Here's some easy boat shopping criteria....
Needs an engine = Rule it out
Has a Volvo = Rule it out
Needs deck work = Rule it out
Needs a keel re-set = Rule it out
I have many more I personally follow but the above four are ones I steer people on when asked. I am dead serious about the Volvo thing too...
As usual, Maine offers good advice. The price of Volvo parts rules them out to me. back in the 90's I spoke to the Volvo dealer at the boat show about parts prices. 0.30 over pistons for a small 4 cyl. were $500 EACH
back then, when the whole engine was about $10K new. Outrageous and a clear explanation of why Volvo lost the small boat market that they once "owned".
By way of comparison, a set of 8 high performance 0.30 over pistons for a Chevy engine cost me $175 at about the same time.
Saildrives are also a deal killer. A keel re-set isn't that big a deal although it requires heavy equipment and takes time. I'd do it again if the price was right.
An engine is a far more complex decision. If it's rebuildable and you can do the rebuild yourself over the winter, it can be an extremely satisfying experience. You can get a new engine and better yet - a new engine compartment
for not much money. Doing an A4 particularly is a job any mechanically inclined person is capable of. A big 4 cyl. diesel is another matter but still doable, particularly if you know an experienced person who will babysit you through it.
Swapping in like for like is fairly simple but time consuming - I did this with a one lung Yanmar (YSE8 out & YSM8 in for those in the know) and it took 5 weeks of spare time.

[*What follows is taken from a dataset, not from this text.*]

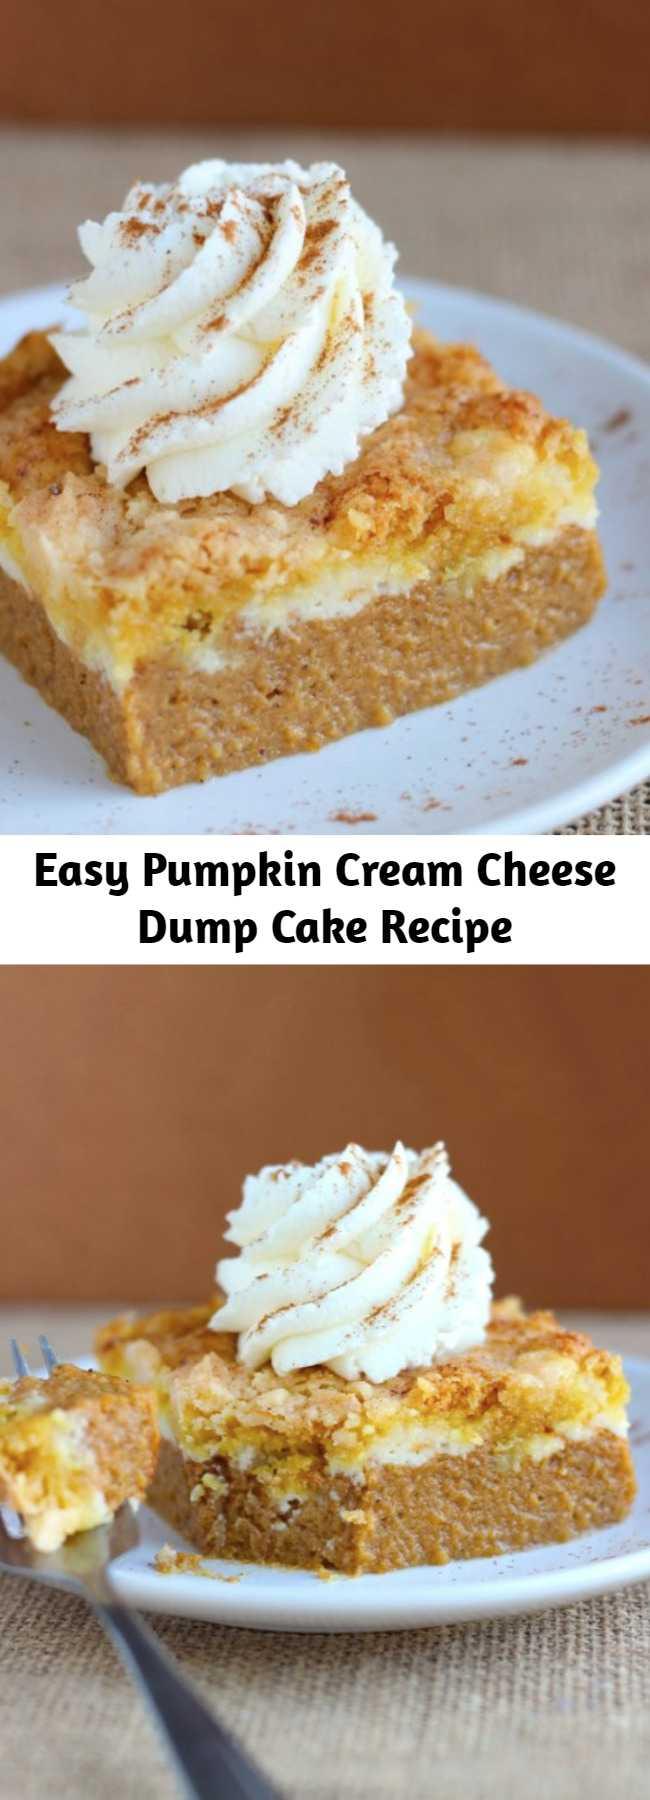 Easy Pumpkin Cream Cheese Dump Cake Recipe - BETTER and way easier than pumpkin pie! This Pumpkin Cream Cheese Dump Cake is the best way to serve pumpkin pie to a crowd!

Swapping in a different engine can be a nightmare, particularly if you have "typical" sailboat access conditions. For boats with good access, like under the main cabin sole or table, it can be no more trouble than a "like for like" swap but in a boat where the engine was installed under the cockpit before the deck went on? Fugeddabatit.
As an example - My first engine swap was in a car. It was a chevy engine into a Buick wagon. Versions of that model came with both so I was able to use factory parts for most things but it was still a huge PITA. The accessories like starter, fuel pump, alternator etc. were on opposite sides so the wiring, fuel lines and so forth had to be custom made. The flex plate and torque converter used different bolt patterns, luckily the transmission had Chevy and Buick bolt patterns so it bolted up but otherwise? New trans.
It took all my spare time for two weeks in a hoist equipped shop to complete. Doing it or something similar in a typical sailboat doesn't bear thinking about.
Note: all the above is predicated on the owner enjoying serious boat work. If you only want to go sailing, ignore it and listen to Maine.
As to horsepower requirements - Skenes has a very detailed calculation for determining these, but it's old and probably doesn't meet modern requirements. In the G.O.D.'s, two ponies per ton was the rule of thumb. In the 70's that increased to four per ton and now, with big alternators and all the modern electrical req's I think five per ton would be more like it, even though the boats are slipperier and the props are better.
Incidentally, continuous rated shaft horses is the standard for this comparison in my experience, not max output or "at the prop" or any other method. As long as it's like for like, the comparison is valid.